Saturday, June 7, 2014

What They Were Doing

What with Memorial Day followed rather abruptly by the big 70th D-Day celebrations, the public's interest is focused on patriotism which is as it should be -- VA scandal and L'Affaire Bergdah anyone?

I reviewed Carl Sferrazza Anthony's book "First Ladies" previously, but I also said I'd get back to it.  We're back.

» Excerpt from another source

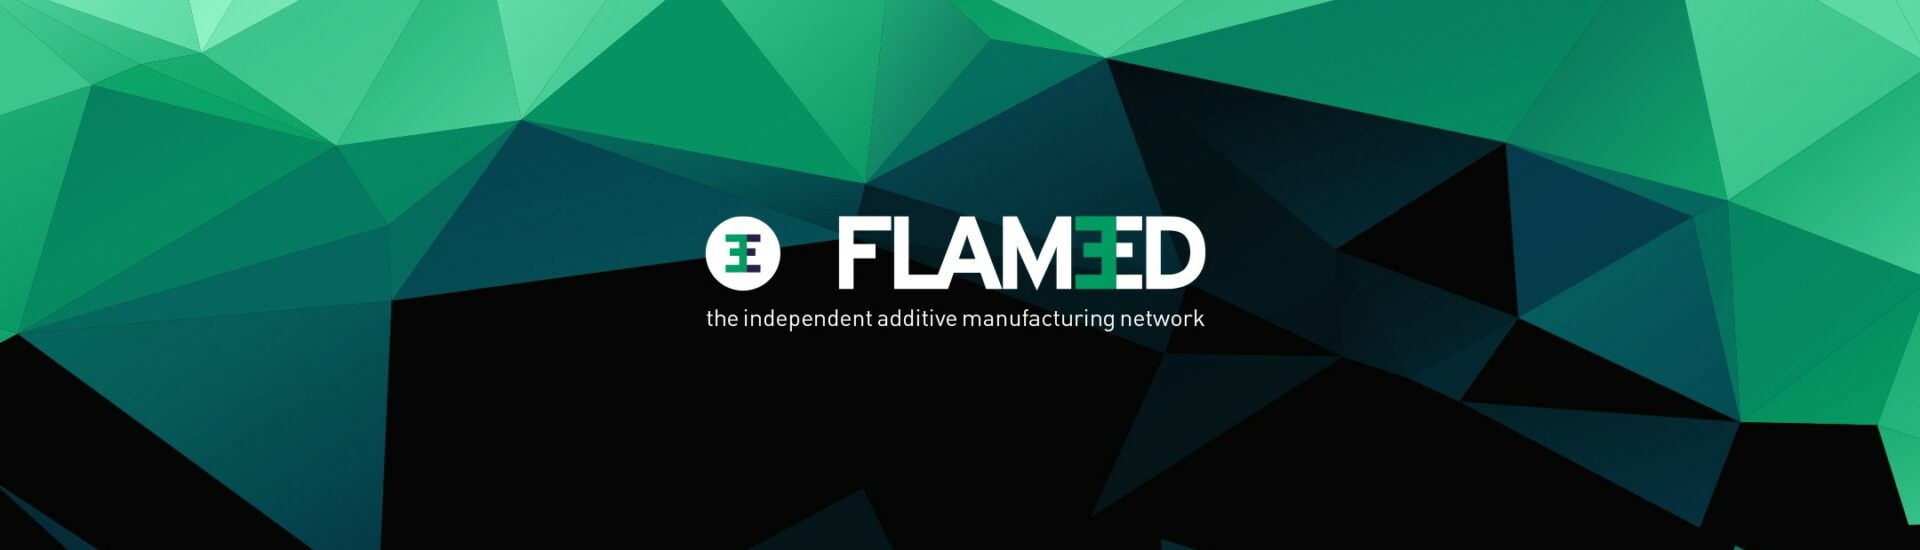 Flam3D Oceanz 3D Printing

Anthony very cleverly keeps us abreast of times in the White House by telling us what the former and someday First Ladies were doing at the incumbent's time.  For example: 

World War II   Mamie is the First Lady and Ike is in Europe.  Edith Wilson, Woodrow's widow, joined her at Red Cross events.  Pat Nixon was newly arrived in Washington after urging Richard to become a part of the Office of Price Administration where she also worked.  A lack of servants at Hammersmith Farm meant the Jackie Bouvier had to pick up the slack by gardening, learning housekeeping and doing the cooking for friends.  No more "Cook we'll be 12 at lunch today."

Harry Truman desegregated the Army but Jackie Bouvier resented that her school, Farmington, did not accept blacks or Jews.  Rosalynn Carter was appalled at the difference in schooling in the South  when a young black girl asked her for homework help.  Betty Bloomer (hadn't married Gerald yet) was nicknamed "The Martha Graham of Grand Rapids" and ran a dance group, ignoring any "color line."

I liked this spotlight on a group portrait.  Perspective is all.